In a study conducted at the University of Utah, led by Elisabeth Conradt, scientists looked at how a mother’s hormonal response to stress, exhibited by her neuroendocrine system, epigenetically affected her infant’s hormone release response to stress. This stress reaction in the child is guided by the hypothalamic-pituitary-adrenal (HPA) axis, which describes connections between the hypothalamus, the pituitary gland, and the adrenal glands. The well-known HPA axis creates a hormone known as cortisol, which is produced in reaction to stressful events.

In the paper, titled “The contributions of maternal sensitivity and maternal depressive symptoms to epigenetic processes and neuroendocrine functioning,” the group of scientists relied on a technique used to analyze gene-specific DNA methylation at base-resolution, known as bisulfite conversion, in order to reveal clues about how exposure to a depressed mother’s response to stress can epigenetically affect her infant’s HPA axis. They sought to determine if particular parenting strategies could combat the detrimental impact that maternal depression may have on an infant and whether this buffering is reflected in the child’s epigenome.

Utilizing animal models, previous studies have highlighted epigenetic programming that occurs after birth as a result of the quality of the mother’s care and affection. In this study, the team of researchers wanted to apply what has been learned in animal studies to humans.

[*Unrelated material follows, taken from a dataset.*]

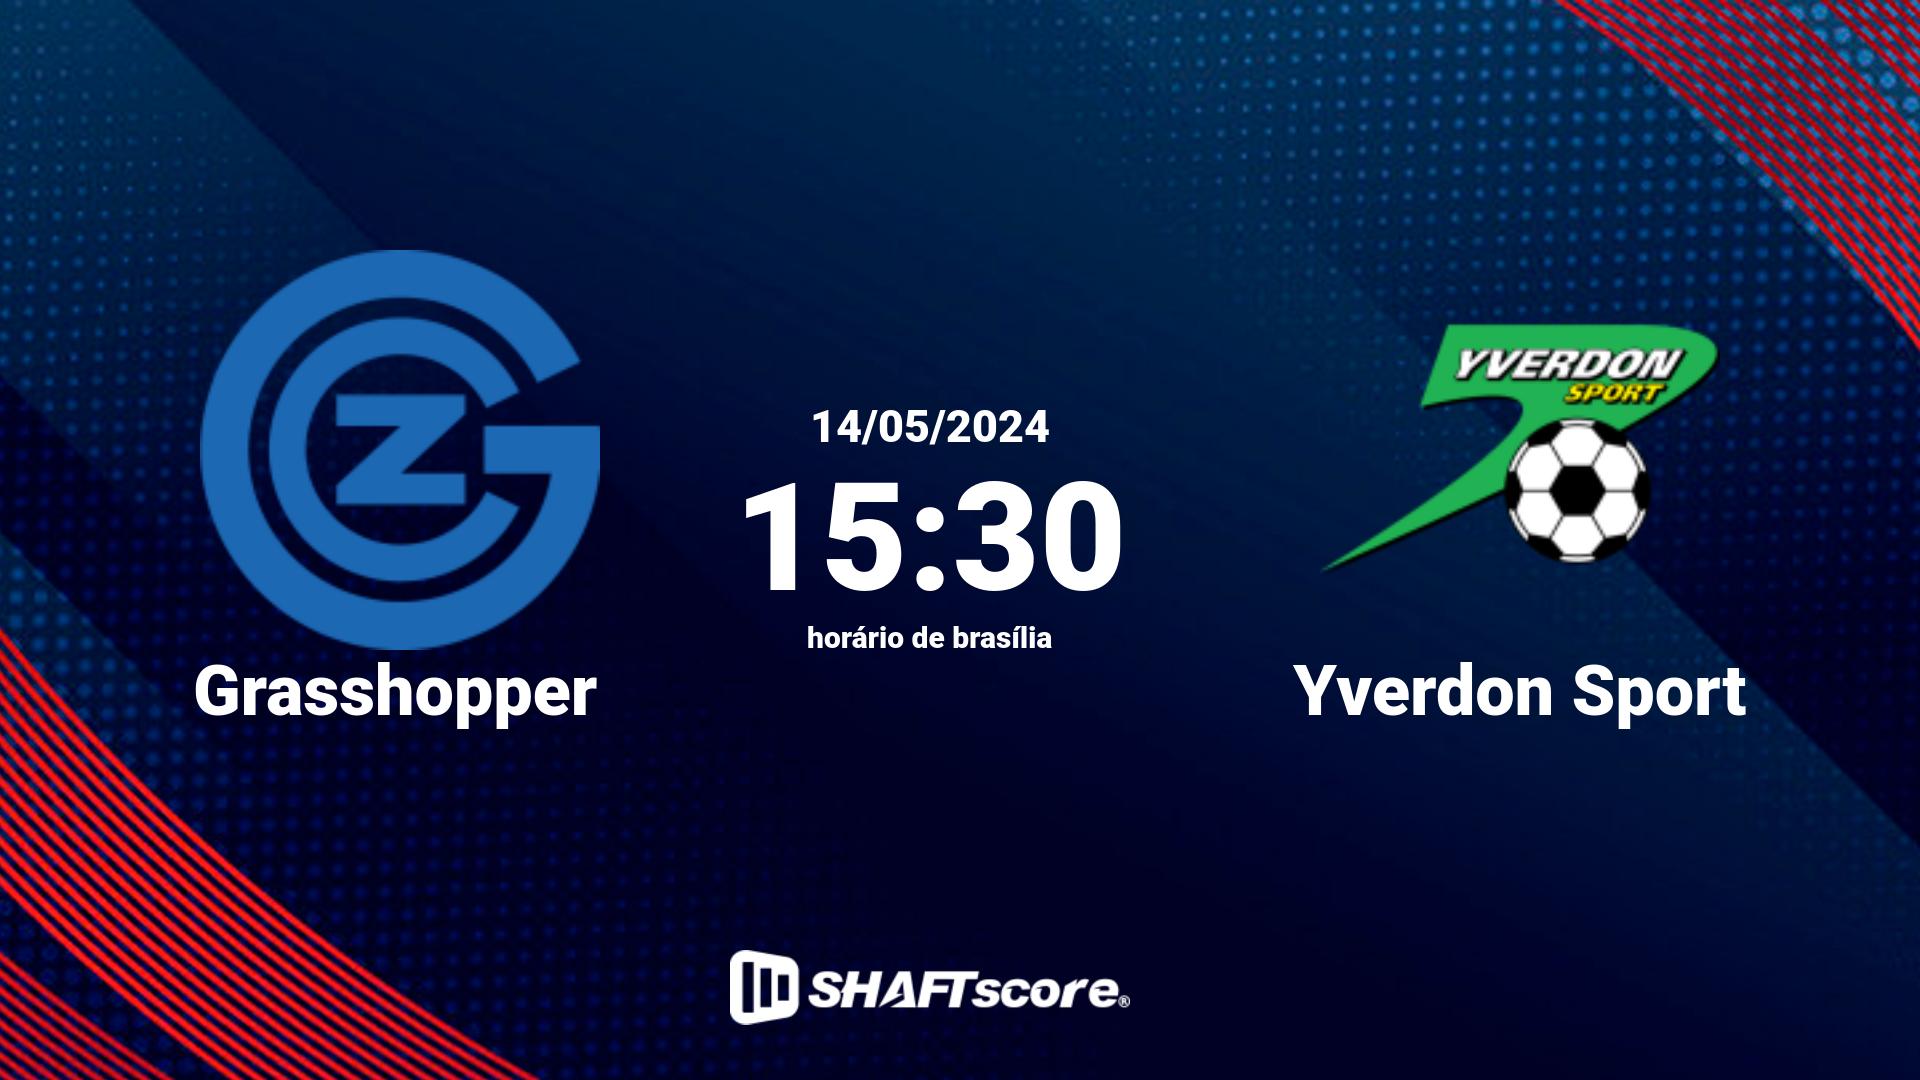 Estatísticas do jogo Grasshopper vs Yverdon Sport 14.05 15:30

“We were curious about whether maternal behavior could “buffer” the child against the effects of maternal depression, and if this buffering could be observed at the level of the infant’s epigenome,” Conradt explained.

Using bisulfite conversion to assess methylation

The team investigated whether the quality of the postnatal environment, for example, maternal sensitivity, is linked to the level of methylation of genes related to the HPA axis and the child’s neuroendocrine functioning. DNA methylation is the addition of a methyl group to DNA via DNA methyltransferases (DNMT), which influences gene expression. In order to assess DNA methylation levels, the researchers employed a common technique used to study DNA methylation on a gene-specific level known as bisulfite conversion. This process converts uracil to thymine while leaving methylated cytosines, known as 5-methylcytosine (5-mC), intact. This allows the distinction to be made between which bases are methylated and which aren’t. Popular downstream applications following the bisulfite conversion of DNA include next-generation sequencing and PCR.

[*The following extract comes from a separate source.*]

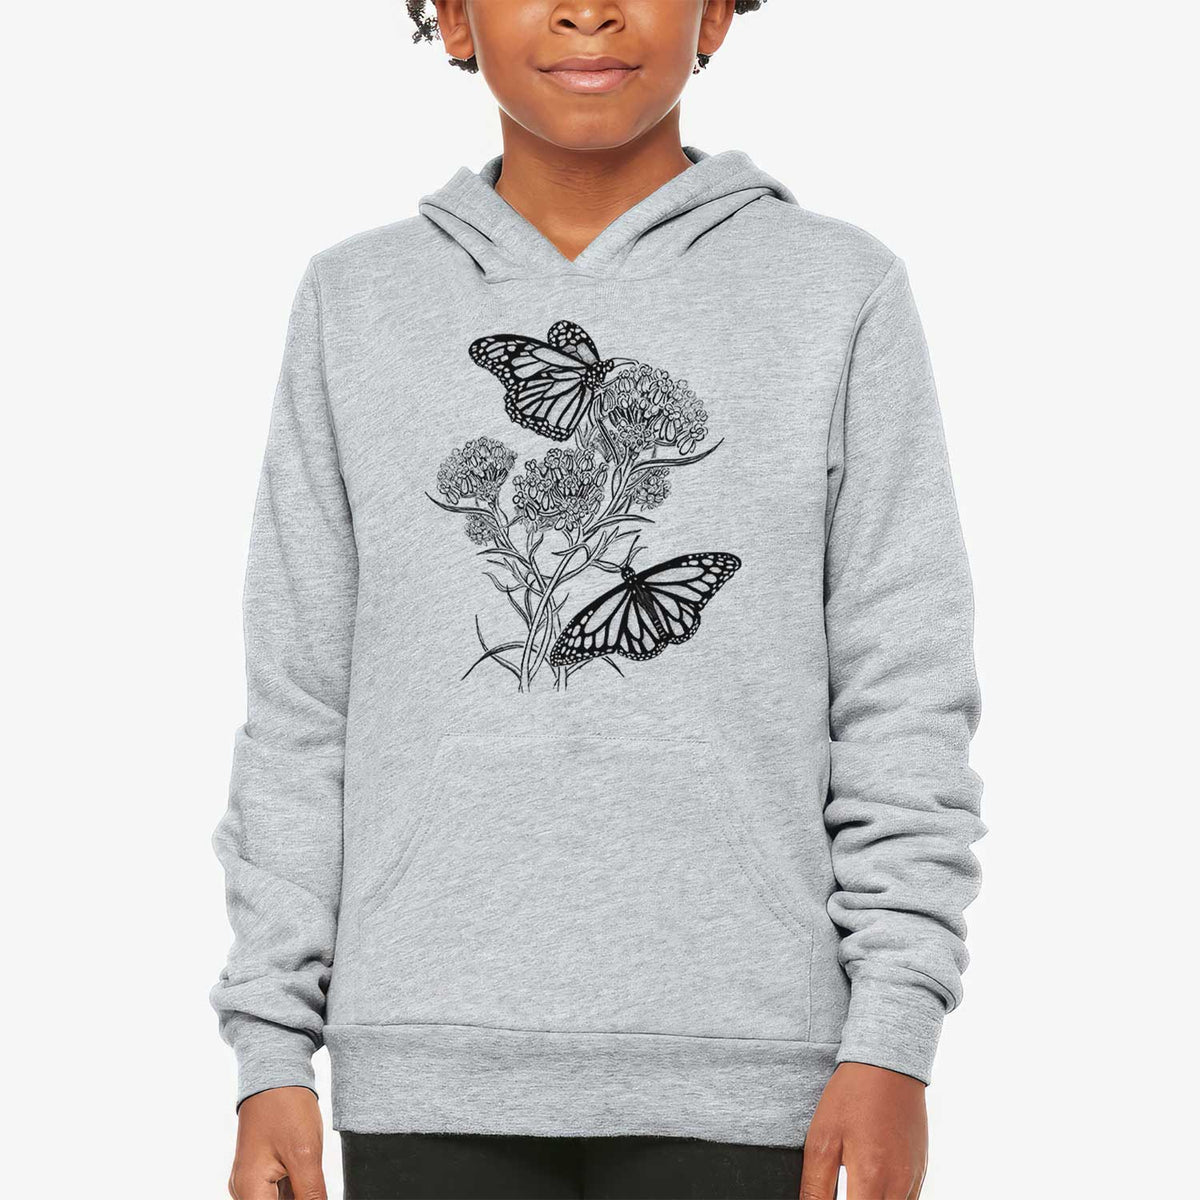 Narrowleaf Milkweed with Monarchs - Youth Hoodie Sweatshirt

Doing your own research? Bisulfite and sodium bisulfite based methods are common approaches for preparing genomic DNA for gene-specific DNA methylation analysis. Select the ideal DNA bisulfite conversion kit and begin your DNA methylation research today!

Previous research has demonstrated that there’s often an increase in DNA methylation and a decrease in the activity of genes related to stress when mothers are depressed while pregnant. Therefore, the two key stress-associated genes that the researchers focused on were the glucocorticoid receptor gene (NR3C1) and the 11β-hydroxysteroid dehydrogenase type 2 (11β-HSD2) gene.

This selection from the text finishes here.